Trump’s Bifurcated Economy
The labor market, economic growth, and the stock market part ways in today’s ever-more unequal economy.
The labor market, economic growth, and the stock market part ways in today’s ever-more unequal economy.
Today’s low-hire, low-fire labor market is unusual and challenging. The unemployment rate has remained low despite the economy creating few new jobs. That combination complicates the Fed’s decisions about whether to cut interest rates or to raise them. But for workers, especially young workers who are just entering the labor force or anyone who has lost a job, the lack of hiring is a far more profound challenge.

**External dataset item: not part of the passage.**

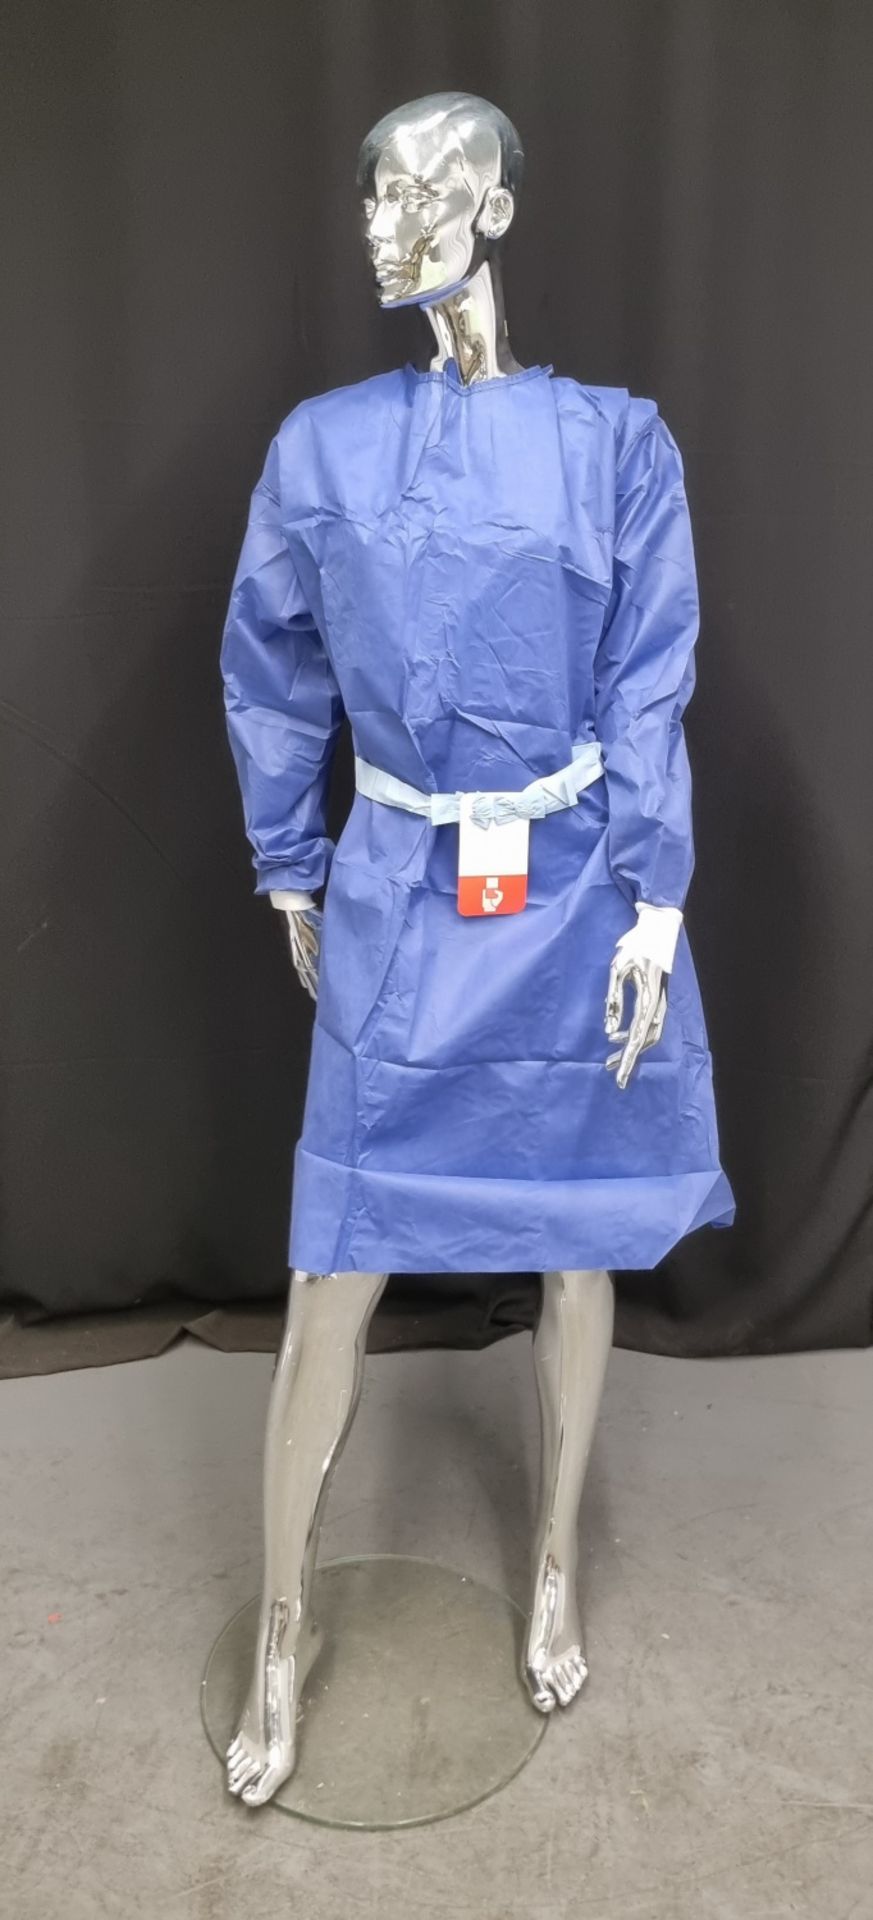 24x pallets of Guardian surgical gowns - size L - est. total qty 24000 - location LE67 1ND - PPE

At the same time, the U.S. economy has continued to grow. Trump’s shape-shifting tariffs have crippled job-creating investments, except for those related to AI. But consumption, buoyed by the spending of the best-off and a stock market boom, remains strong. And inequality, which you might have thought couldn’t get any worse, has gotten much worse.
Let’s take a closer look at this confounding constellation of economic effects.
On April 2, 2025, President Donald Trump announced his draconian retaliatory tariff policies. He called it Liberation Day—“our declaration of economic independence.” In the period that followed, hiring in the U.S. economy nearly came to a halt. From May through August, the U.S. economy created just 18,500 jobs per month. The previous summer, the economy had added five times that many jobs. The Wall Street Journal editors called it “The Trump Summer Jobs Stall.”
Following the end of the government shutdown, the Bureau of Labor Statistics (BLS) published its long-delayed report on September employment, followed by reports on October and November employment. The economy added over 100,000 jobs in September, lost over 100,000 jobs in October with the government shutdown, and in November added 64,000 jobs. While a marked improvement from the summer numbers, it was still well short of the 174,000 jobs per month that the economy averaged in 2024. Also, after revising its earlier estimates, the BLS reported that the economy had lost jobs in August instead of gaining them. On top of that, the November jobs numbers, like those in previous months, are likely to be revised downward in future reports.
Despite the lack of hiring, the BLS unemployment rate remained low, 4.3% in August (and 4.4% in September). Trump’s tighter restrictions on immigration and his deportations have kept the growth of the labor force in check. The stunted growth of the labor force reduced the number of jobs needed to keep the unemployment rate from rising. But beginning in October, Amazon, Verizon, UPS, and other companies announced that they were cutting large numbers of jobs. Should that trend accelerate, with relatively few new hires even after the September increase, the unemployment rate will rise rapidly. In November the unemployment rate reached 4.6%, the highest rate since September 2021.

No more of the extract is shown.